= Sandettie Bank =

Sand bank in the North Sea

The Sandettie Bank (French: Banc de Sandettié) is an elongated sandbank in the southern North Sea, more specifically about in the middle of the northeastern entrance to the Strait of Dover. North-west of it are the hazardous Goodwin Sands, south of it the sandbank Ruytingen.

The shoal represents a significant threat to the major shipping lanes in the Strait of Dover. From 1902 to 1989 it was marked by a succession of French lightships, all bearing the name Sandettié while deployed there. The last such crewed lightship is now a museum ship at the Port Museum of Dunkirk at anchor.

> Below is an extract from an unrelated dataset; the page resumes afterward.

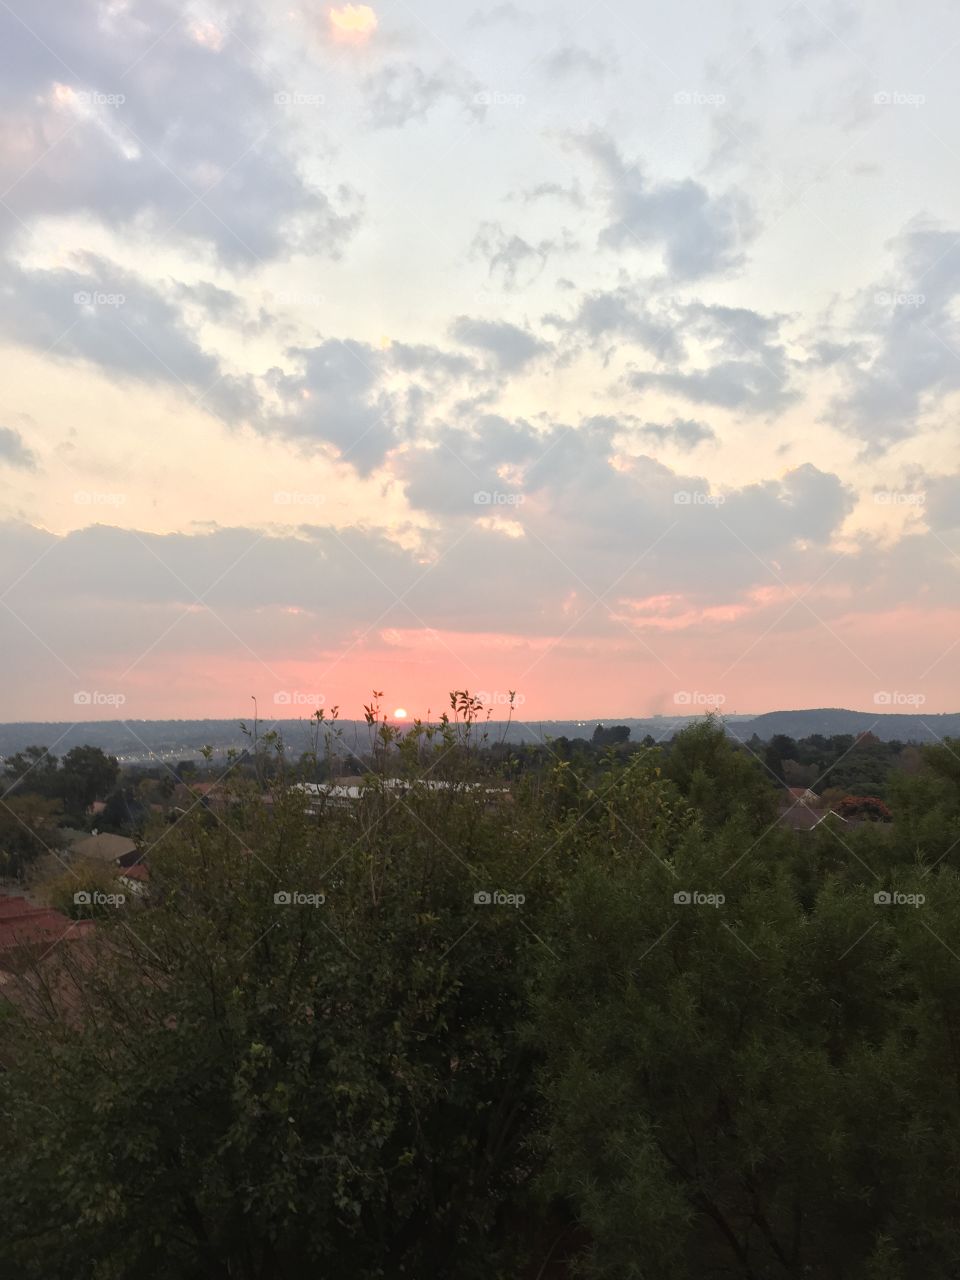 Beautiful sunset in South Africa Johannesburg 🇿🇦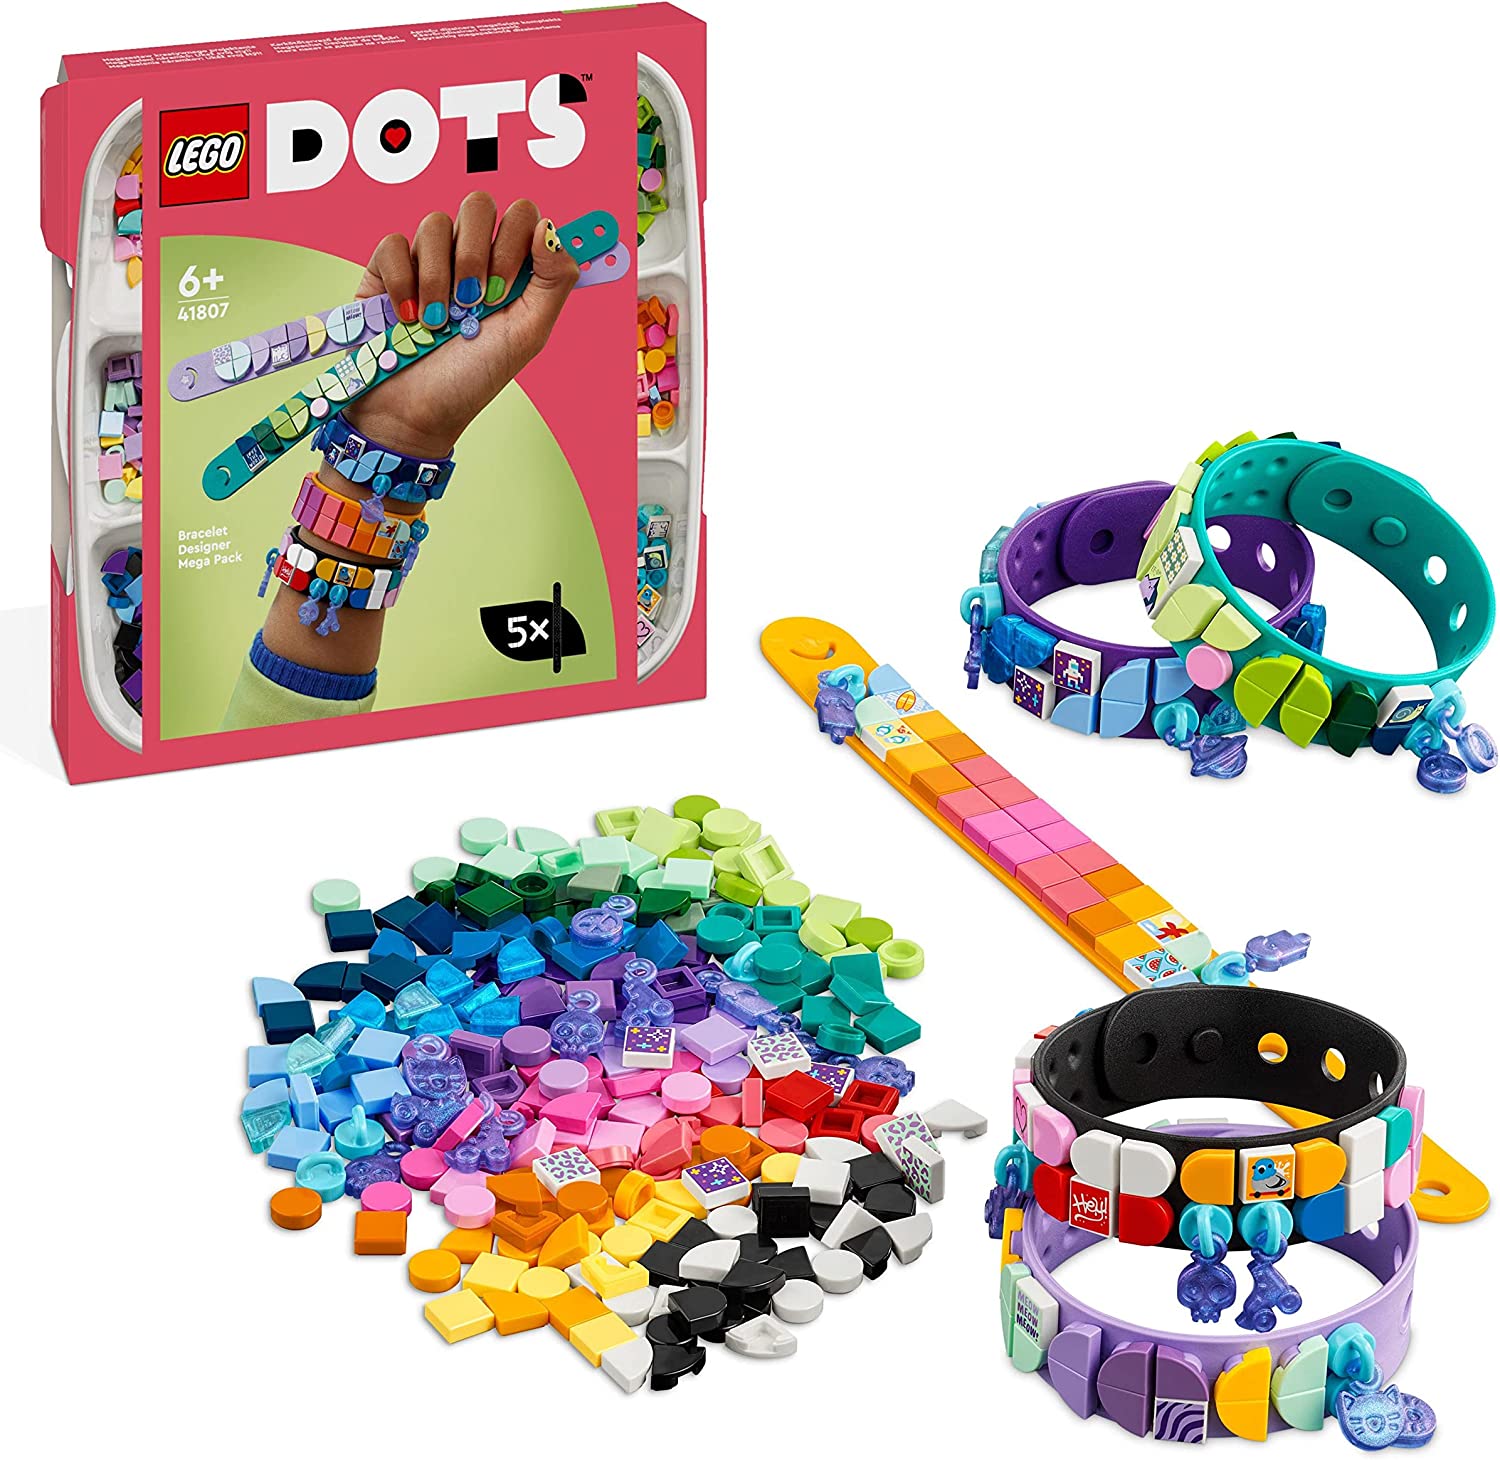 LEGO 41807 DOTS Bracelet Design Creative Set, 5-in-1 DIY Jewellery Craft Set with Mosaic Stones in Cosmic and Summer Colours for Friendship Bracelets and Accessories for Children

Today the British authority Trinity House maintains an uncrewed lightship there, the Sandettie Light Vessel Automatic which also has an automatic weather station.

== Geology ==
Tertiary strata form the basement in the Sandettie Bank. In the northwest part of the area erosion cut a basin in the Tertiary strata. This basin is filled with a sequence of late Pleistocene sands overlain by Holocene sands which form the major topographic features of the Sandettie. The surface of the banks are moulded into transverse ridges up to 10m in amplitude and 200m in wavelength. There are three types of ridges present:
1. At the north end, linear transverse ridges of irregular amplitude and wavelength occur with a flint gravel base grading up into medium sand. These ridges are fossil features of Preboreal-Subboreal age.
2. At the south end are symmetrical sandwaves of regular amplitude and wavelength which appear to be stable.
3. To the west of Sandettie Bank there are south-facing asymmetrical sandwaves which are potentially mobile and which later sedimentological investigations revealed to be moving southwards in one area.

== Downs herring ==
The area around the Sandettie Bank is the most important spawning ground of the Downs herring, a major subset of the Atlantic herring in the North Sea. During the twentieth century overfishing had threatened the fish population, and in 1958 fishing restrictions were imposed in the area.